[Extracted data entries]
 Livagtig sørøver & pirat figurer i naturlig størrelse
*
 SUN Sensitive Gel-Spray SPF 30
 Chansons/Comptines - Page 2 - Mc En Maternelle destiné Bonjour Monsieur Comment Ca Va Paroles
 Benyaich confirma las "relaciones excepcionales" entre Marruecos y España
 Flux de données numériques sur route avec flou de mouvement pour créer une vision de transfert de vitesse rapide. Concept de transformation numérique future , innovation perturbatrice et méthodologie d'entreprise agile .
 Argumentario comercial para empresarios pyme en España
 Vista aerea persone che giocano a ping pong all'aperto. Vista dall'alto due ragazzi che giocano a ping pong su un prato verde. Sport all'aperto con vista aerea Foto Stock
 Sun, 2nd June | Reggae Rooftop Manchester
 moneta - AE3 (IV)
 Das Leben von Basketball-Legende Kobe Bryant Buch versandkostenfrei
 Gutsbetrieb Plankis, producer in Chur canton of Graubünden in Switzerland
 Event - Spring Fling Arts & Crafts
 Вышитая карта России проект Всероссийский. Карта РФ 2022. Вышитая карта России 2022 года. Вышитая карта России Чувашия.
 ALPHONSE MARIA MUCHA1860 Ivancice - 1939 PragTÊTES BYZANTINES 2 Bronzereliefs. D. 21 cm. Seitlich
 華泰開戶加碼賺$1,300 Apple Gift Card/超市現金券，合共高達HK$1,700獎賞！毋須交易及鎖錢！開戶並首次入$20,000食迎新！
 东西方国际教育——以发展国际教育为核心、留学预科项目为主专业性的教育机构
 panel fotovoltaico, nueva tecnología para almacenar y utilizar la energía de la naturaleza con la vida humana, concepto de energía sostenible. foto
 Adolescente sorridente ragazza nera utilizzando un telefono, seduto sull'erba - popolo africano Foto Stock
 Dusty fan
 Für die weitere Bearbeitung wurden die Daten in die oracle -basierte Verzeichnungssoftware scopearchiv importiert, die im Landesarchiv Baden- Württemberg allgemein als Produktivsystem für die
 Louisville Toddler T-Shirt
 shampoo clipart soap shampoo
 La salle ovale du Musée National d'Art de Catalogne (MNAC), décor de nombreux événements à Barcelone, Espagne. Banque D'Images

● Exercise instructions
Beginning at the line where "Chansons/Comptines - Page" appears, extract each line through the end of the data above; keep them exact and include nothing else.

● Written reply
 Chansons/Comptines - Page 2 - Mc En Maternelle destiné Bonjour Monsieur Comment Ca Va Paroles
 Benyaich confirma las "relaciones excepcionales" entre Marruecos y España
 Flux de données numériques sur route avec flou de mouvement pour créer une vision de transfert de vitesse rapide. Concept de transformation numérique future , innovation perturbatrice et méthodologie d'entreprise agile .
 Argumentario comercial para empresarios pyme en España
 Vista aerea persone che giocano a ping pong all'aperto. Vista dall'alto due ragazzi che giocano a ping pong su un prato verde. Sport all'aperto con vista aerea Foto Stock
 Sun, 2nd June | Reggae Rooftop Manchester
 moneta - AE3 (IV)
 Das Leben von Basketball-Legende Kobe Bryant Buch versandkostenfrei
 Gutsbetrieb Plankis, producer in Chur canton of Graubünden in Switzerland
 Event - Spring Fling Arts & Crafts
 Вышитая карта России проект Всероссийский. Карта РФ 2022. Вышитая карта России 2022 года. Вышитая карта России Чувашия.
 ALPHONSE MARIA MUCHA1860 Ivancice - 1939 PragTÊTES BYZANTINES 2 Bronzereliefs. D. 21 cm. Seitlich
 華泰開戶加碼賺$1,300 Apple Gift Card/超市現金券，合共高達HK$1,700獎賞！毋須交易及鎖錢！開戶並首次入$20,000食迎新！
 东西方国际教育——以发展国际教育为核心、留学预科项目为主专业性的教育机构
 panel fotovoltaico, nueva tecnología para almacenar y utilizar la energía de la naturaleza con la vida humana, concepto de energía sostenible. foto
 Adolescente sorridente ragazza nera utilizzando un telefono, seduto sull'erba - popolo africano Foto Stock
 Dusty fan
 Für die weitere Bearbeitung wurden die Daten in die oracle -basierte Verzeichnungssoftware scopearchiv importiert, die im Landesarchiv Baden- Württemberg allgemein als Produktivsystem für die
 Louisville Toddler T-Shirt
 shampoo clipart soap shampoo
 La salle ovale du Musée National d'Art de Catalogne (MNAC), décor de nombreux événements à Barcelone, Espagne. Banque D'Images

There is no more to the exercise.